The electric field can be represented graphically in two ways, complementary to each other: using equipotential surfaces and lines of force (field lines).

A surface where all points have the same potential is called an equipotential surface. The line of its intersection with the drawing plane is called equipotential. Field lines are lines whose tangents at each point coincide with the direction of the vector E . In Figure 1, dotted lines show equipotentials, solid lines show electric field lines.

Fig.1

The potential difference between points 1 and 2 is 0, since they are at the same equipotential. In this case from (1):

∫E dl = 0 or ∫E dlcos ( Edl ) = 0 (3)

Because the E And dl in expression (3) are not equal to 0, then cos ( Edl ) = 0 . Therefore, the angle between the equipotential and the field line is p/2.

From differential connection (2) it follows that the lines of force are always directed in the direction of decreasing potential.

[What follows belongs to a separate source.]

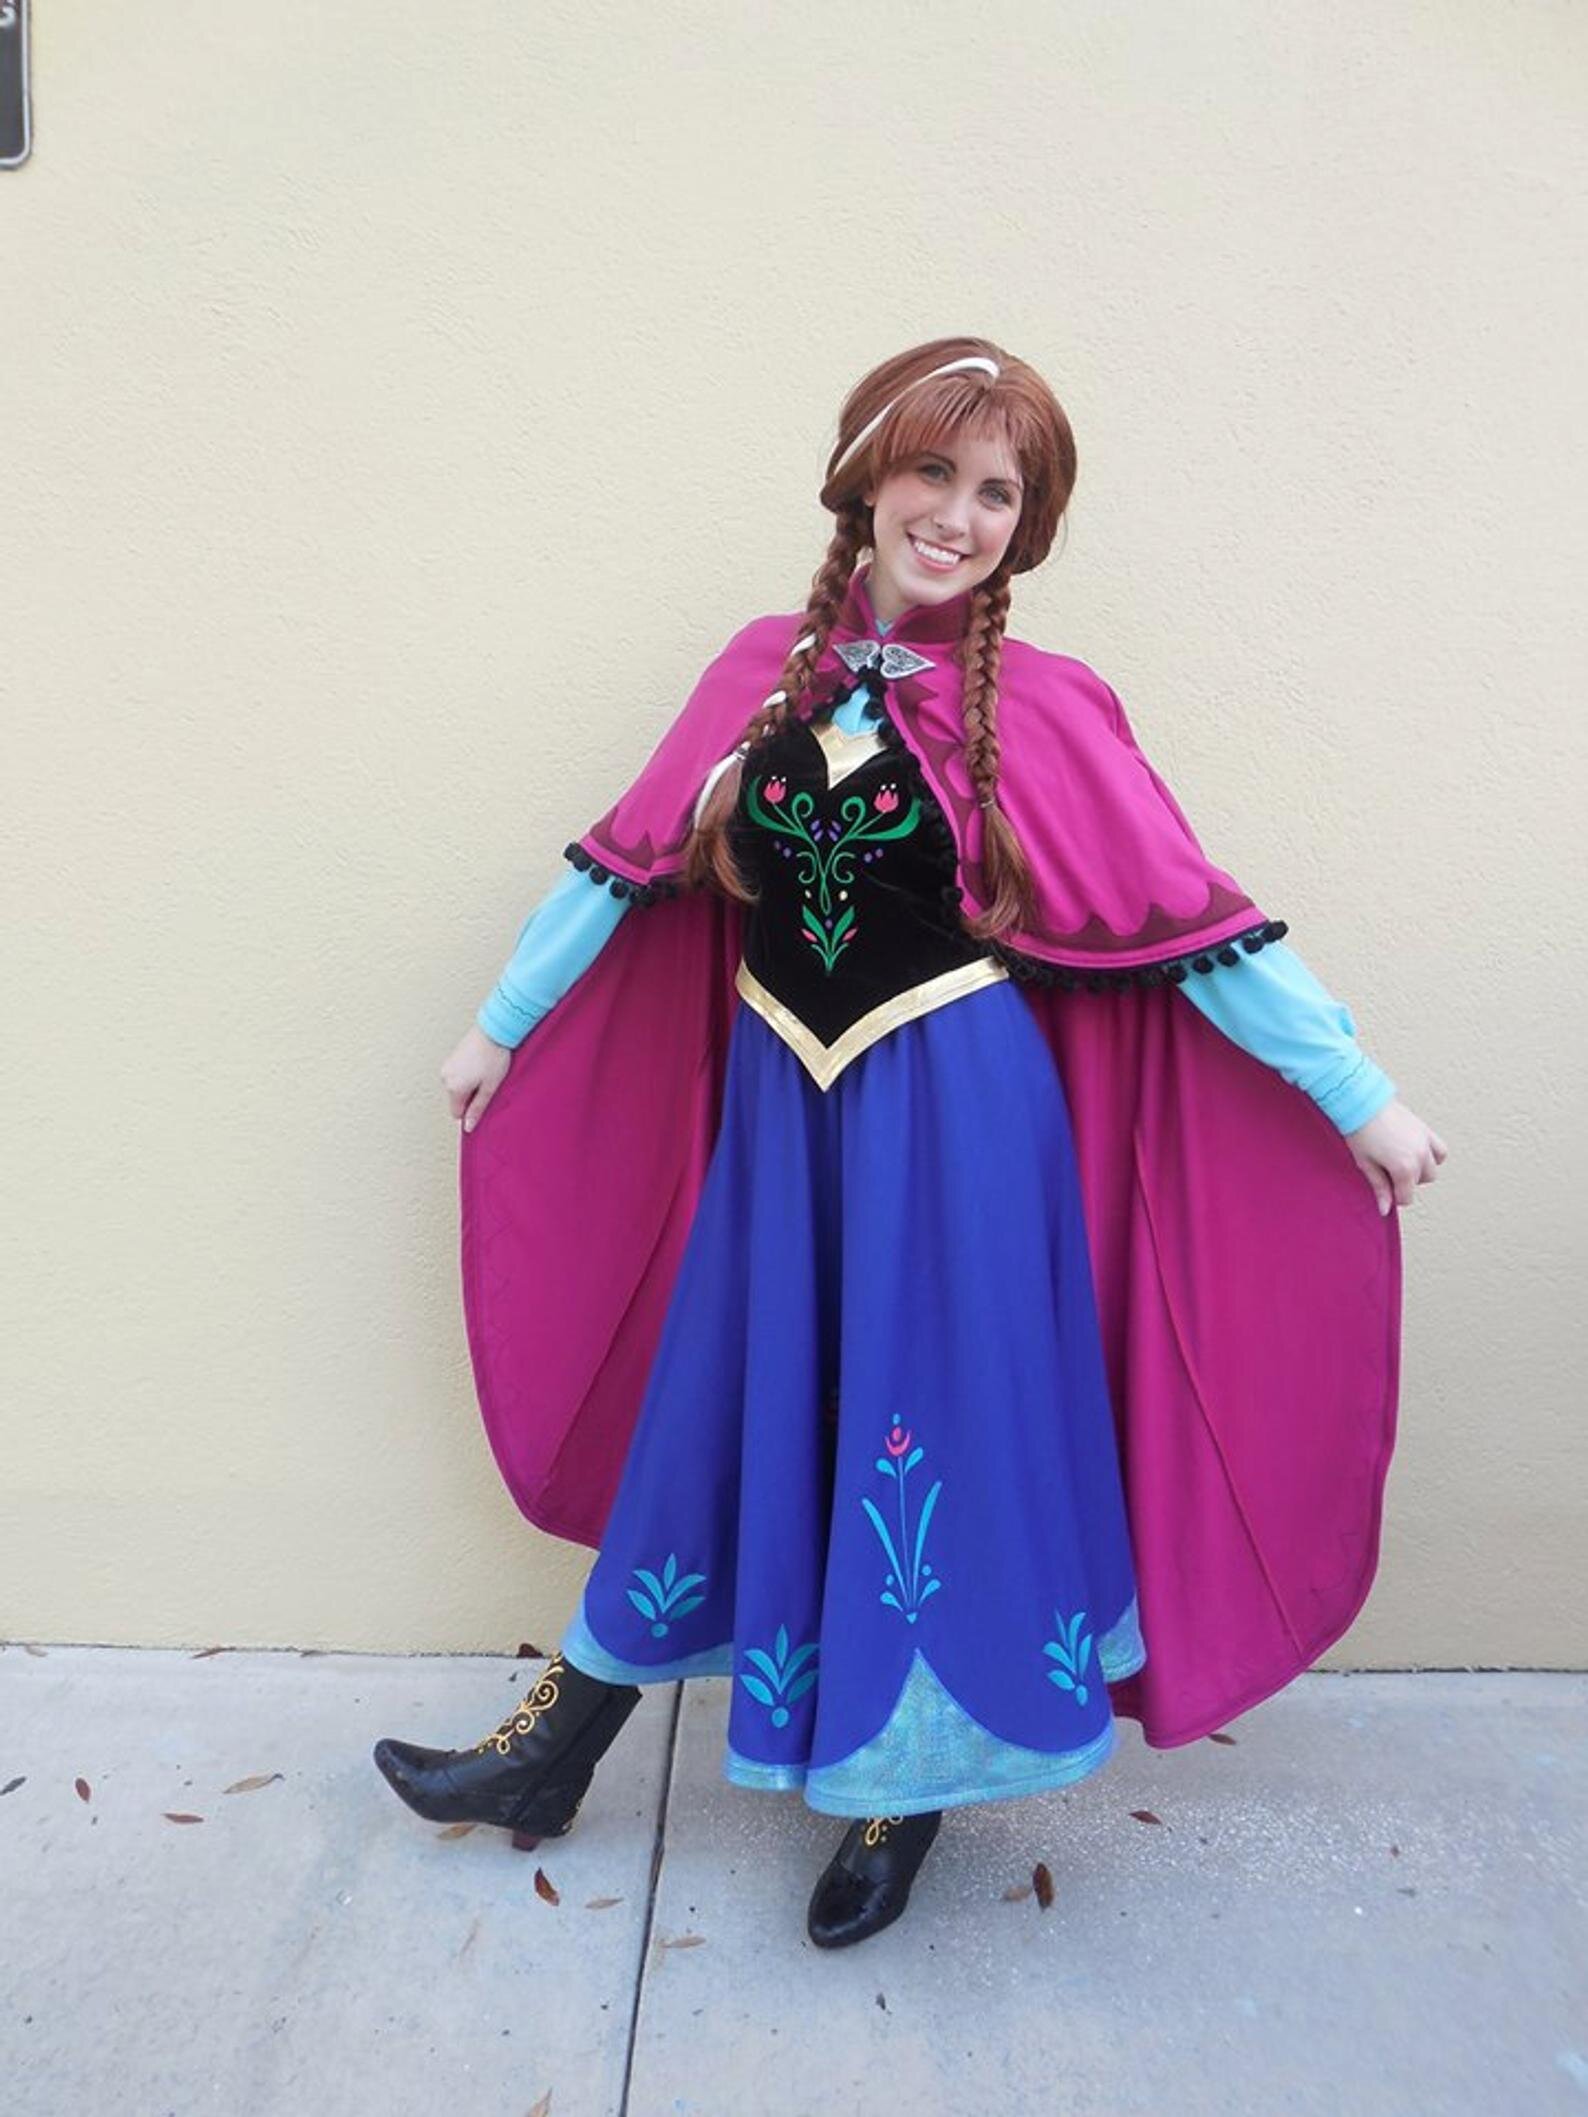 Custom Anna Costume by Etsy seller Prestige Couture

The magnitude of the electric field strength is determined by the “density” of the field lines. The denser the field lines, the smaller the distance between the equipotentials, so that the field lines and equipotentials form “curvilinear squares”. Based on these principles, it is possible to construct a picture of field lines, having a picture of equipotentials, and vice versa.

A fairly complete picture of field equipotentials makes it possible to calculate the value of the projection of the intensity vector at different points E to the chosen direction X , averaged over a certain coordinate interval ∆х :

E avg. ∆х = - ∆ j /∆х,

Where ∆х - increment of coordinate when moving from one equipotential to another,

∆ j - the corresponding potential increment,

E avg. ∆х - average value E x between two potentials.

DESCRIPTION OF THE INSTALLATION AND MEASUREMENT TECHNIQUE.

To model the electric field, it is convenient to use the analogy that exists between the electric field created by charged bodies and the electric field of direct current flowing through a conducting film with uniform conductivity. In this case, the location of the electric field lines turns out to be similar to the location of the electric current lines.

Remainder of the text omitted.